CONCEPT Cited by 1 source
Progressive screen-level RN migration¶
Progressive screen-level RN migration is the adoption mode for a brownfield React Native rollout: migrate one screen at a time, each on its own risk budget, while the legacy native app continues to ship through its normal release cadence. It is the rollout-time counterpart of React Native as a package — the integration architecture enables the progressive strategy.
Why screen-level granularity¶
The alternative — migrate the entire app to RN in one pass — fails for an app at consumer-app scale:
- Scope too large. Zalando's two native apps together host 90+ screens. A big-bang rewrite is a multi-year freeze with no intermediate business value (Source: sources/2025-10-02-zalando-accelerating-mobile-app-development-with-rendering-engine-and-react-native).
- Risk too concentrated. Any architectural mistake in the rewrite affects the entire app on first deploy. No gradient of de-risking.
- Team dynamics. Every team blocked on the RN migration simultaneously; feature development halts.
Screen-level migration inverts each of these:
- Scope is bounded per unit. One screen at a time; predictable-size effort.
- Risk is isolated. A broken RN screen doesn't take the rest of the app down; the legacy native screens continue working.
- Team dynamics. Teams self-select the screens they're ready to migrate; feature work continues on screens that haven't been migrated yet.
Dependencies¶
Screen-level migration requires three capabilities to be in place before the first screen migrates:
- RN-as-a-package architecture — so the legacy app can mount RN screens alongside native screens without restructuring the whole codebase. See concepts/react-native-as-a-package.
- Turbo Module + DI contracts for shared concerns — wishlist badge, session state, navigation, deep-linking, analytics. Each RN screen that needs any of these must have a clean contract to call into the legacy app. See concepts/turbo-module-di-contract.
- Developer App with mocks — so screen development doesn't require the full legacy-app build. See concepts/greenfield-developer-app-for-hybrid-engineers.
Without these, screen-level migration degenerates into "RN screens that are tangled with legacy code and can't be iterated on independently."

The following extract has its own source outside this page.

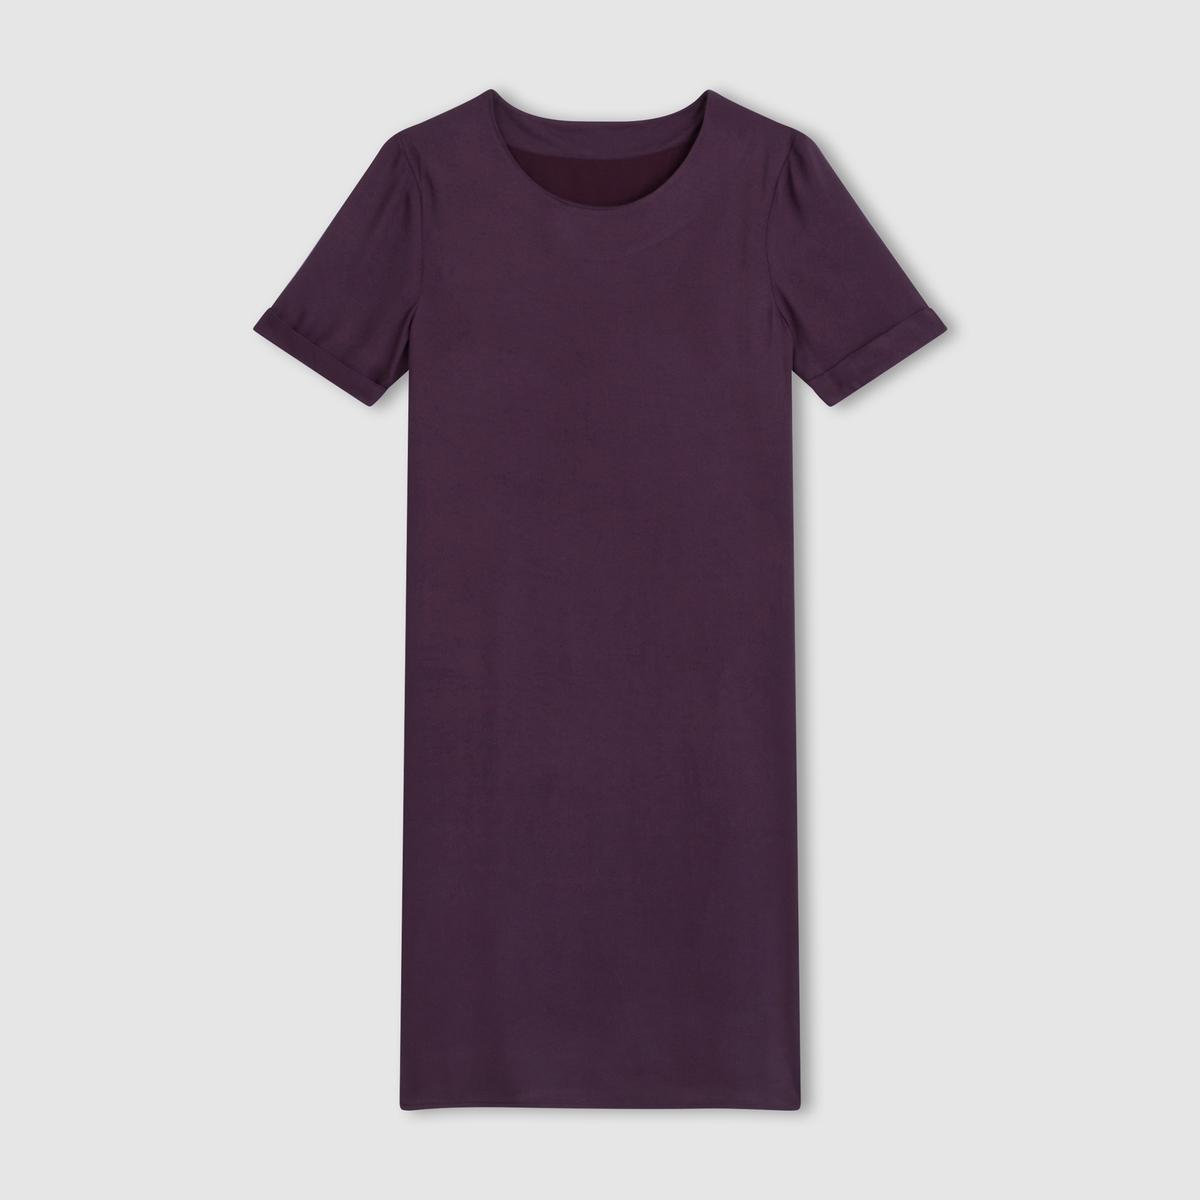 Платье с короткими рукавамиПлатье-футляр. 100% вискозы. Подкладка из 100% полиэстера. Короткие рукава. Закругленный вырез. Длина ок.95 см.<br><br>Цвет: фиолетовый<br>Размер: 36 (FR) - 42 (RUS)

Zalando's rollout sequence¶
Zalando's post walks through the progression (sources/2025-10-02-zalando-accelerating-mobile-app-development-with-rendering-engine-and-react-native):
- First screen: low-traffic, simple. Purpose: exercise the pipeline, not deliver value. See patterns/early-launch-on-low-traffic-screen.
- Several more screens migrated, major and minor.
- Discovery Feed (front screen, media-heavy, Q2 2025 results) — validates the architecture at front-screen traffic and media-surface complexity.
As of the post's publication (2025-10), migration is explicitly ongoing: "For us, the migration is still ongoing but we have successfully migrated a few screens..."
Contrast: Shopify's team-level migration¶
Shopify's 2025-01 five-year RN retrospective describes a different granularity — per-team-per-app migration (see sources/2025-01-13-shopify-five-years-of-react-native-at-shopify and concepts/shared-mobile-foundations). The difference:
- Zalando: one legacy app per platform, many teams, many screens. Granularity is screens because screens are the natural migration unit within a single app.
- Shopify: many apps (Shop, Merchant, POS, Local Delivery, Inbox, etc.), one team per app typically. Granularity is apps/teams because apps are the natural migration unit across a portfolio.
Both canonicalise "progressive adoption" but at different altitudes.
Seen in¶
- sources/2025-10-02-zalando-accelerating-mobile-app-development-with-rendering-engine-and-react-native — canonical wiki first source. Zalando lists progressive adoption as one of the three pillars driving the RN decision, and walks through the low-traffic-first → Discovery-Feed sequence.